Required work:
Only the lines from the one bearing "Image number 8" through the end of the listing belong in your response, restated word for word and without pictures.

Data extract:
....................

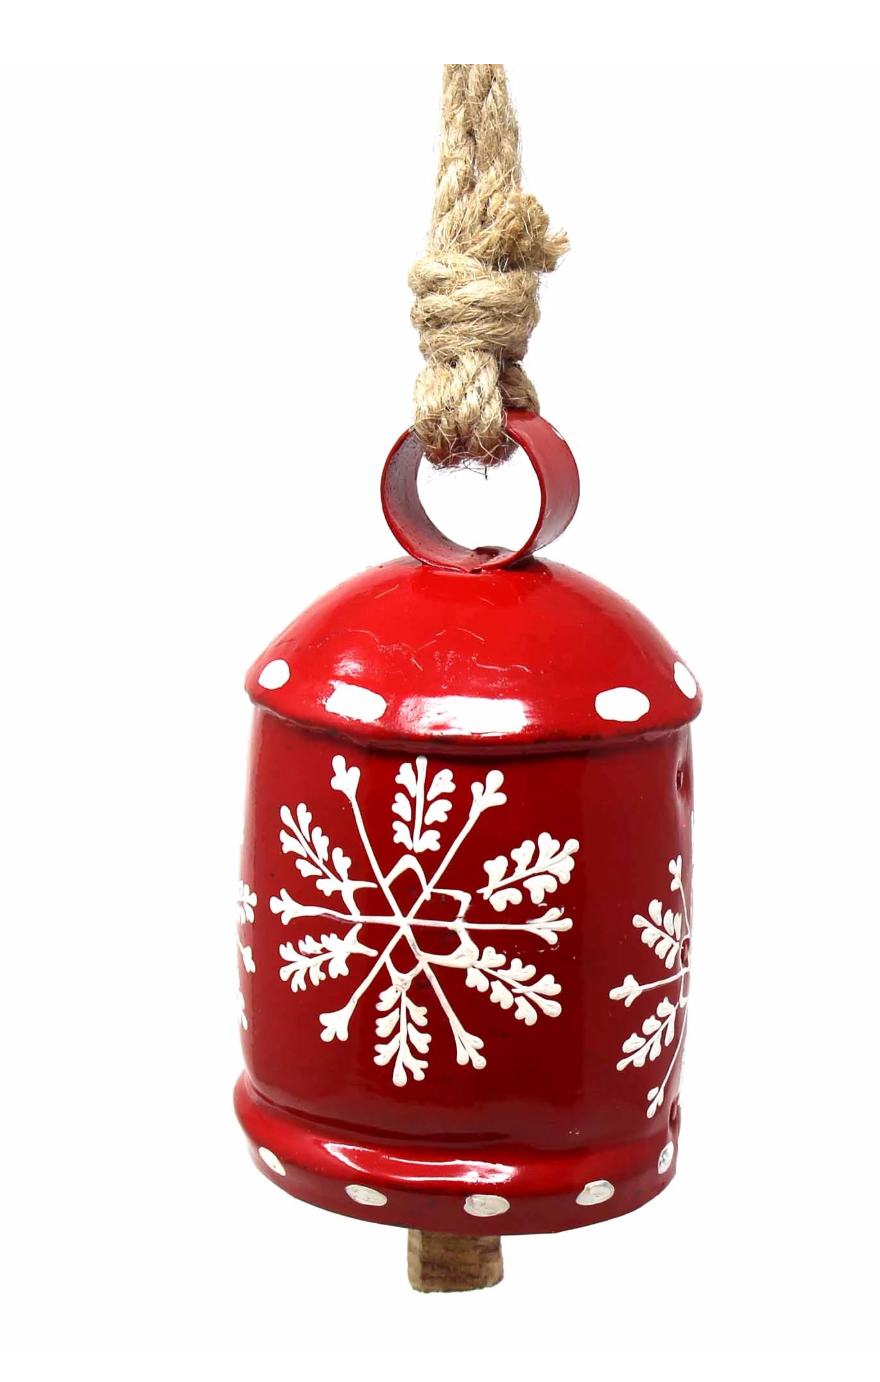 Recycled Red/White Snowflake Bell - CJ Gift Shoppe
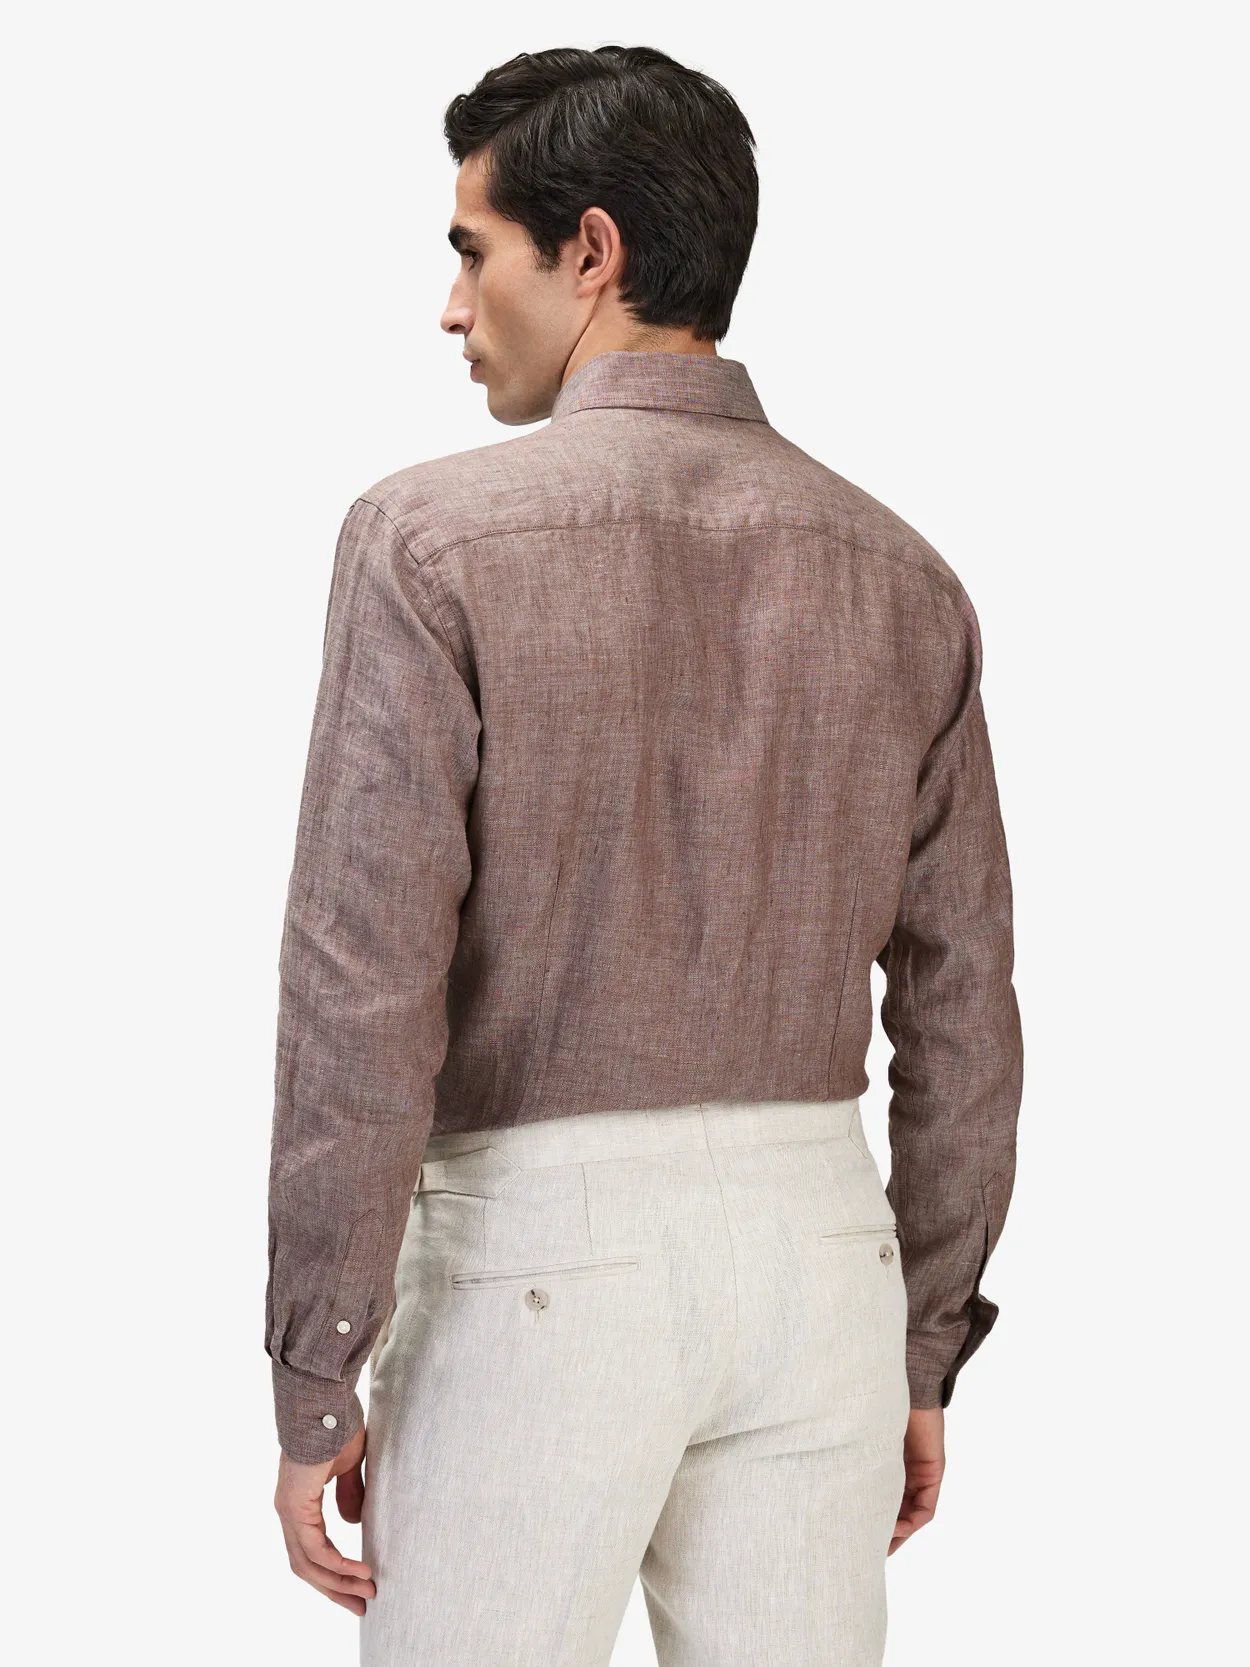 Image number 8 for product Sand Linen Suit & Shirt
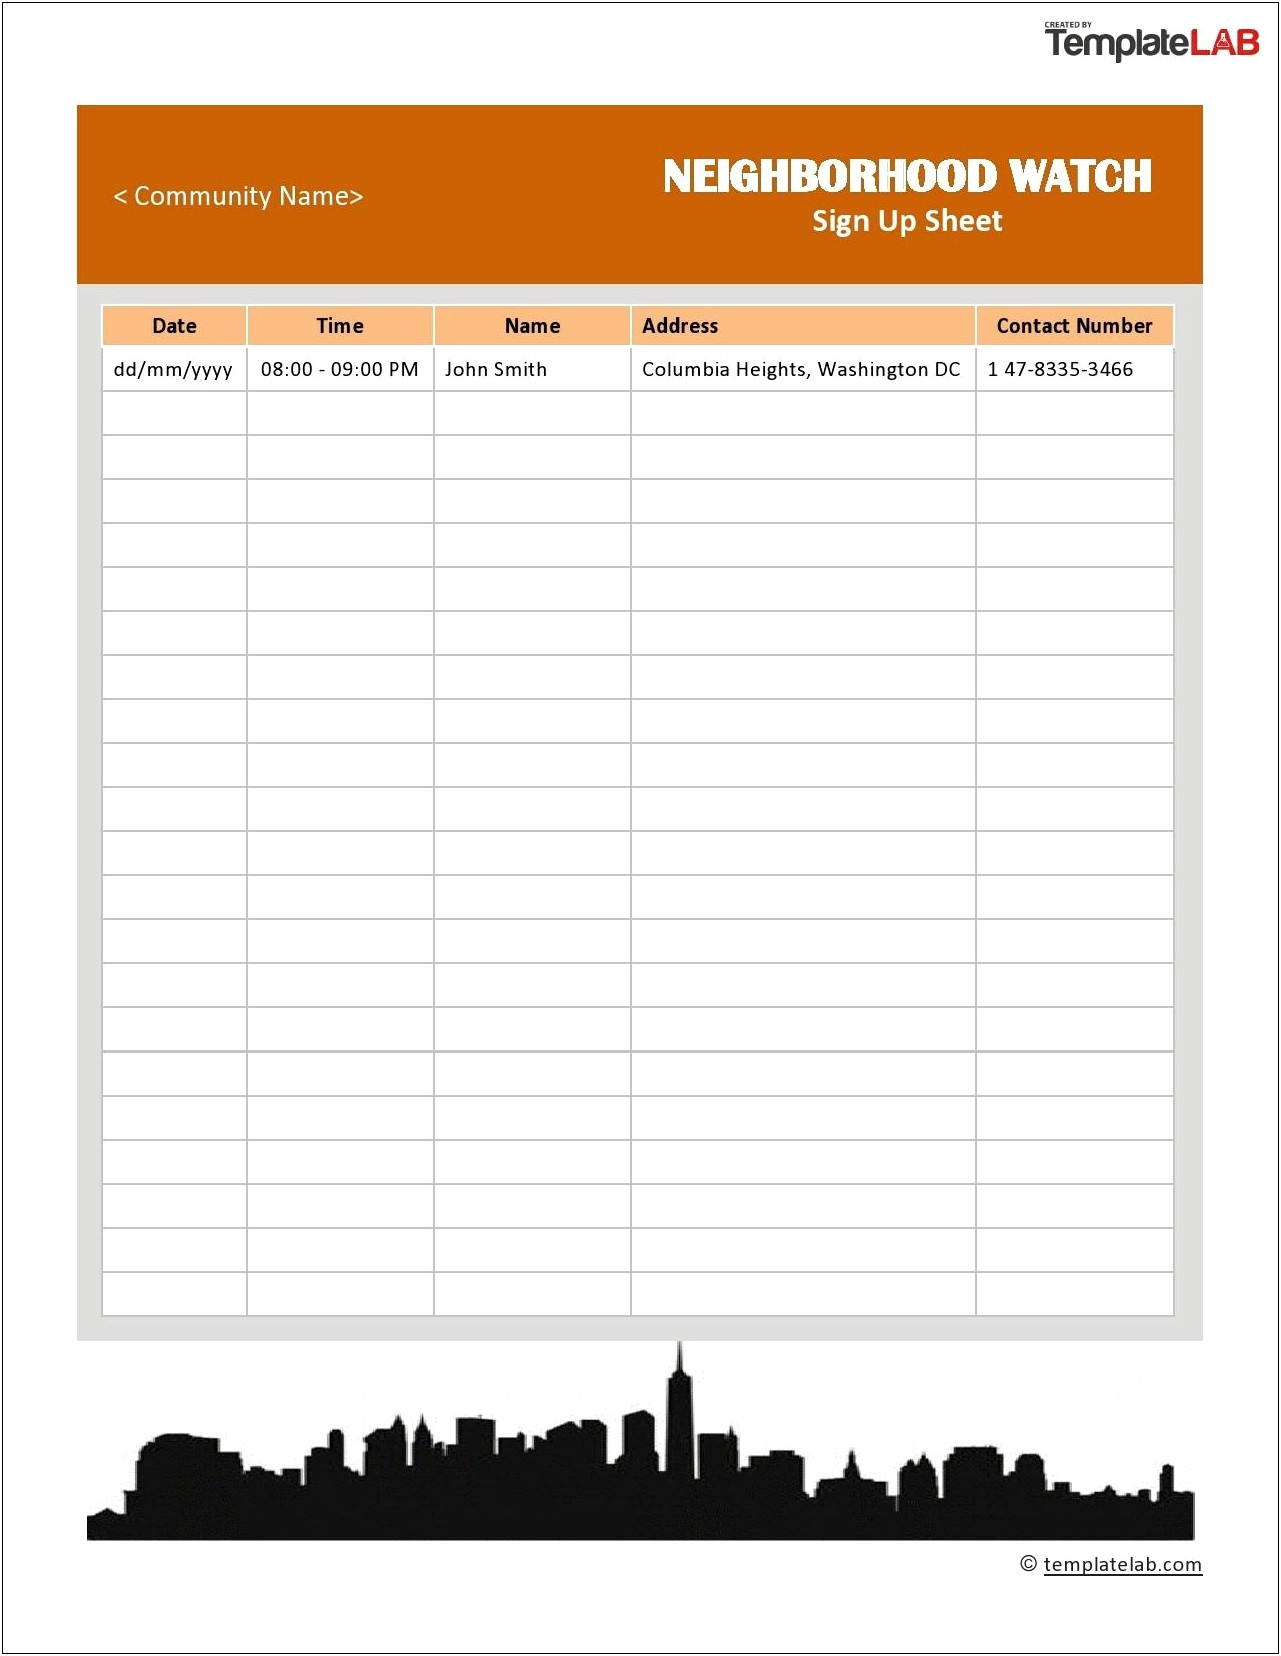 Microsoft Word Template Sign Up Sheet

....................

Exercise solution:
 Image number 8 for product Sand Linen Suit & Shirt
 Microsoft Word Template Sign Up Sheet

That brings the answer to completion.